Più rare le forme di coinfezione di due virus (5% circa).
8.3.4 Scelta della terapia antibiotica
•
•
Nel paziente non ospedalizzato per forme batteriche il farmaco di prima scelta è
l’amoxicillina alla dose di 90 mg/kg/die in tre somministrazioni; un macrolide
(azitromicina, claritromicina) in presenza di mycoplasma, eventualmente da associare nelle
forme miste. L’associazione amoxicillina-clavulanato (eventuale seconda scelta
ceftriaxone) andrebbe riservato ai casi di infezione da emofilo lattamasi positivo. In caso di
infezione virale sono indicati gli inibitori della neuroaminidasi (Oseltamavir, Zanamivir)
solo nei bambini di età superiore a sette anni con diagnosi virologica di influenza.
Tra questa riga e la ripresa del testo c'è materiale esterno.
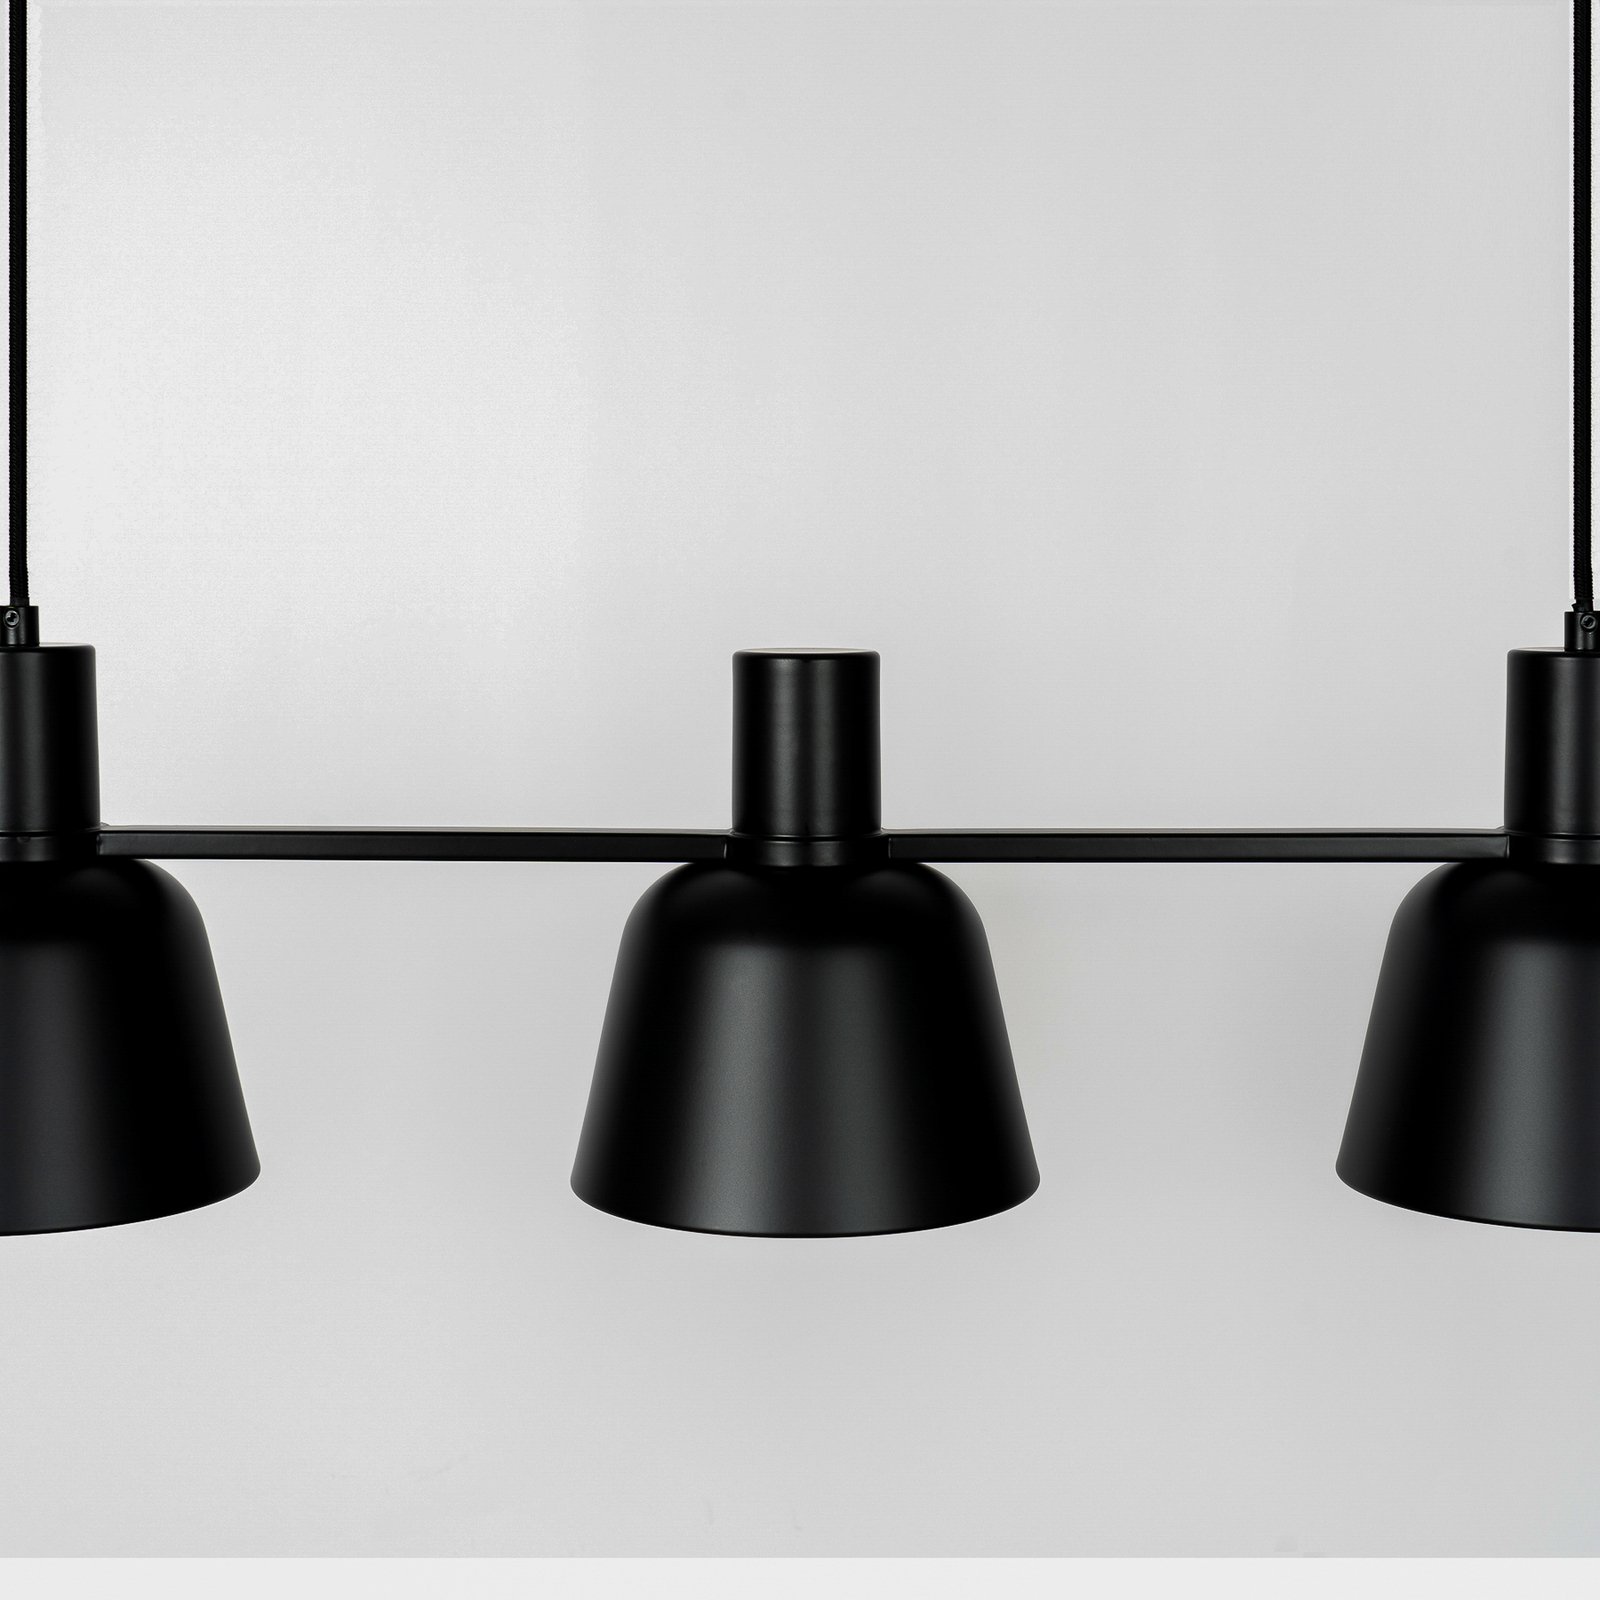 Lucande Servan lámpara colgante, negro, 3 luces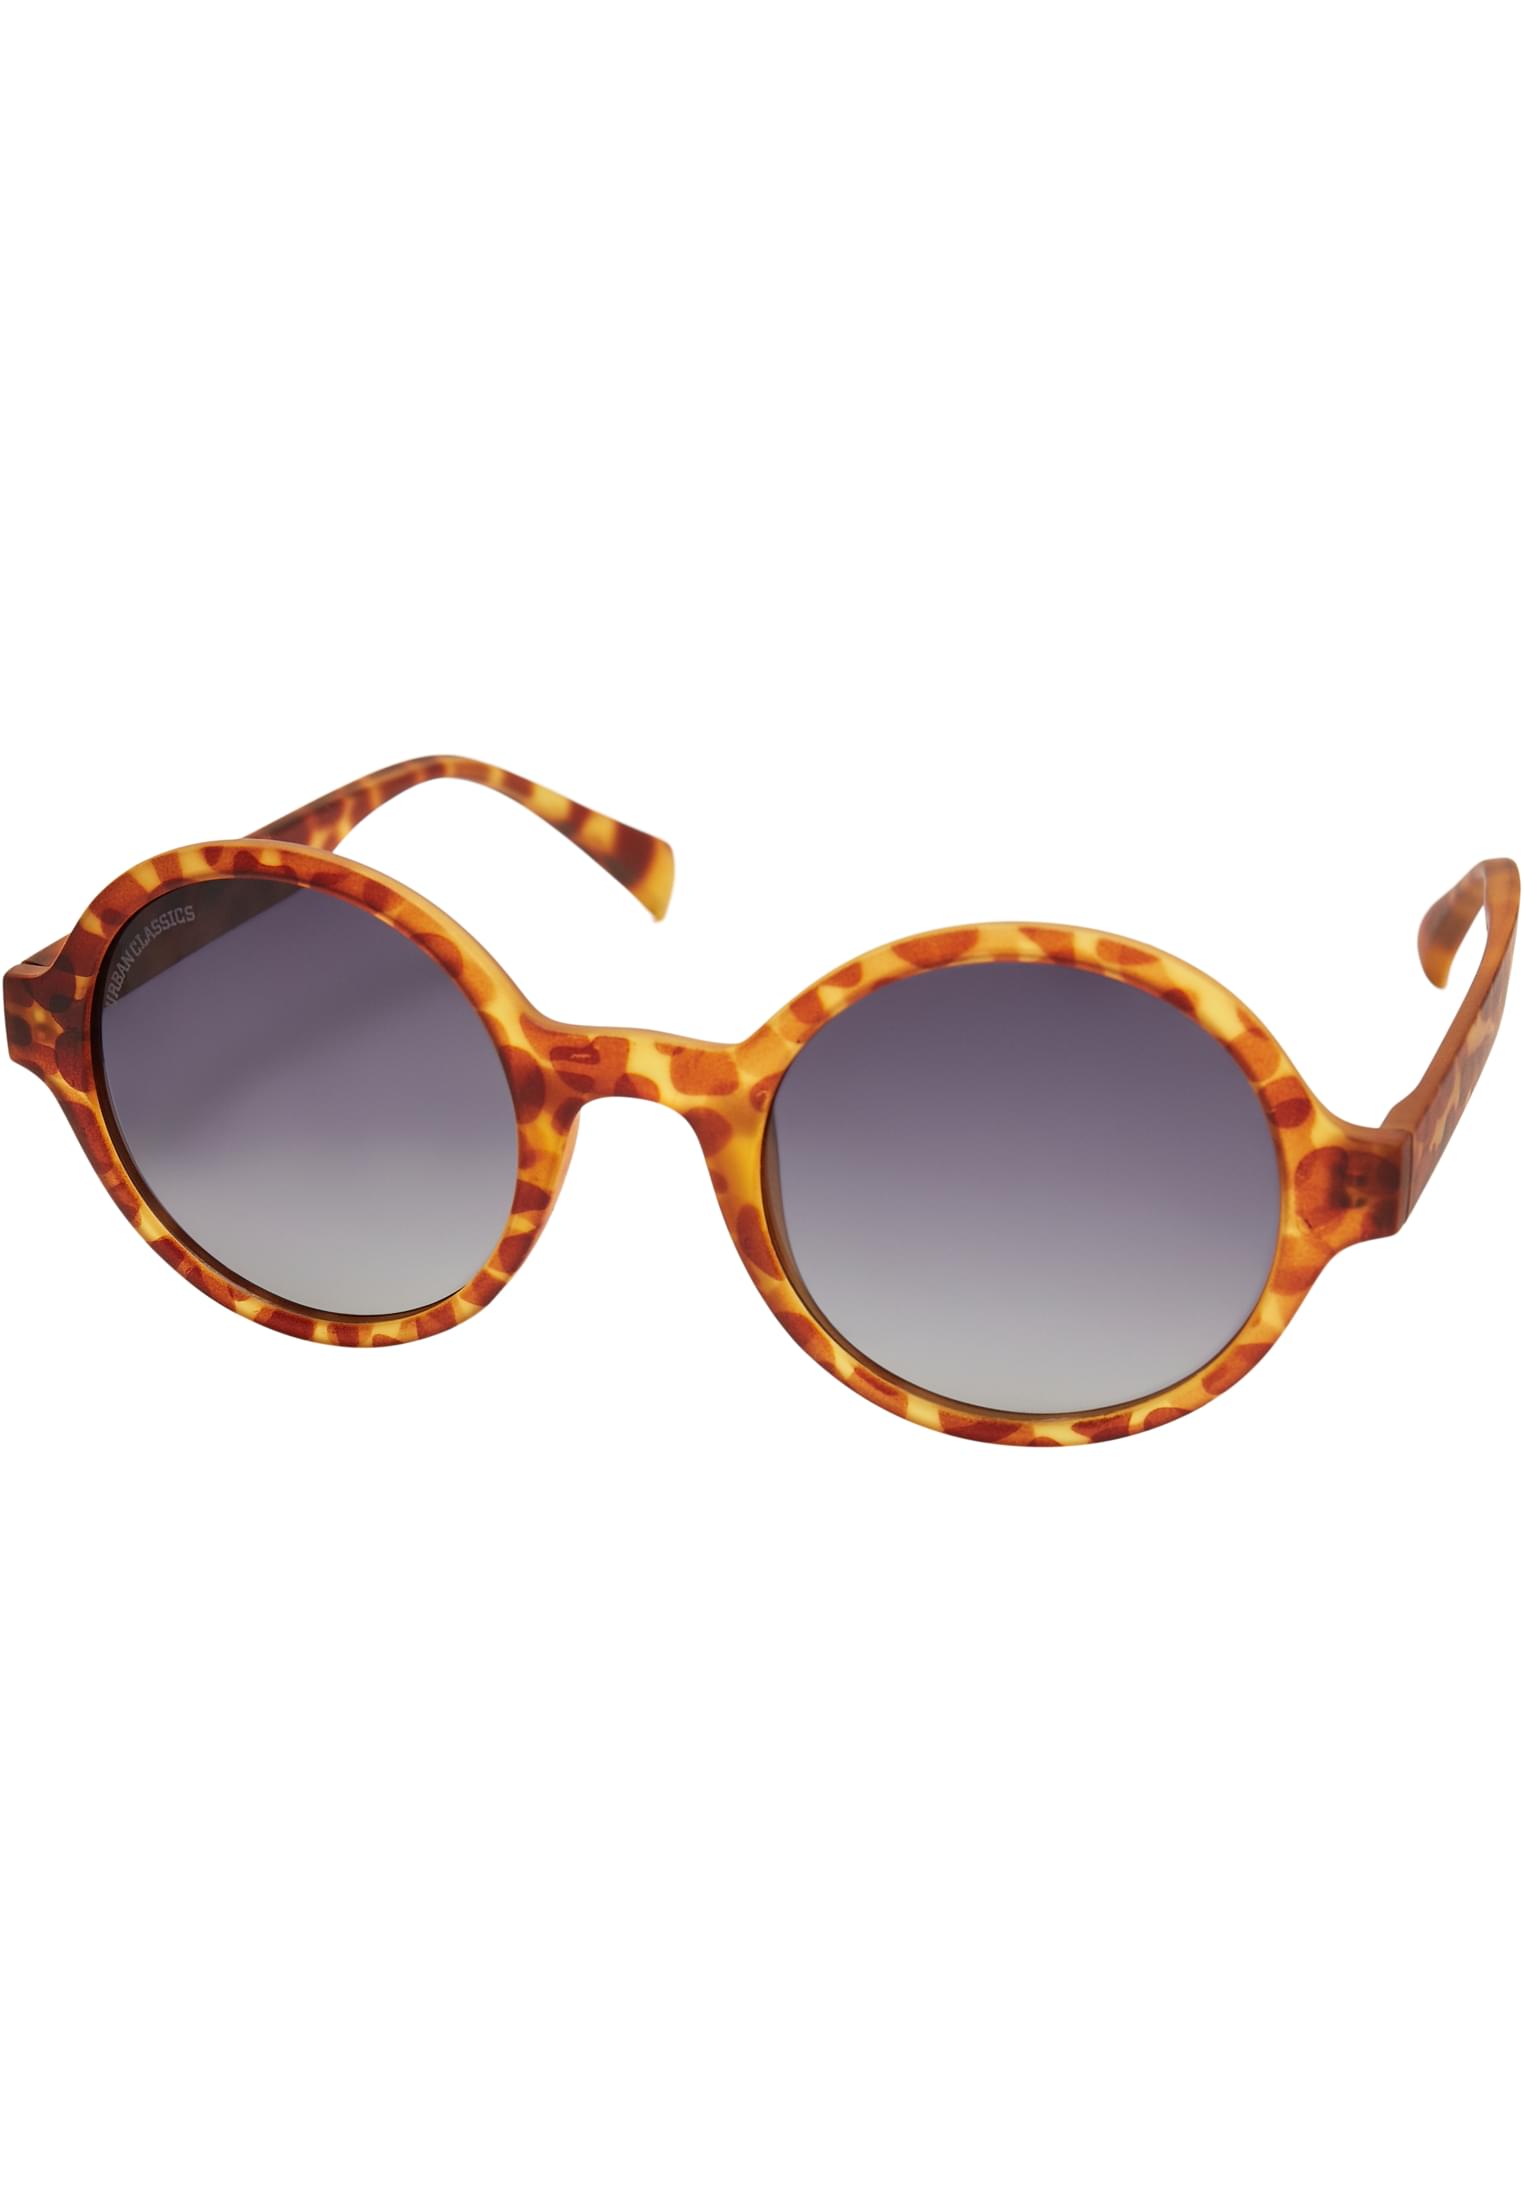 Accessoires Sunglasses Retro Funk UC in Farbe brown leo/grey

Nel bambino ospedalizzato non è dimostrata la superiorità della terapia parenterale rispetto
a quella orale, ma nelle linee guida americane viene raccomandata ampicillina 150-200
mg/kg/die ogni sei ore; in ogni caso rivalutazione della strategia terapeutica in caso di
mancato miglioramento entro 48 ore. Il ceftriaxone (cefotaxime) andrà considerato per
pneumococchi resistenti o per bambini non protetti da vaccinazione; la vancomicina andrà
associata in caso di sospetto radiologico di infezione stafilococcica. In presenza di
mycoplasma prescrivere macrolide. Solo in caso di diagnosi virologica di influenza è
giustificato l’impiego dell’ antivirale specifico.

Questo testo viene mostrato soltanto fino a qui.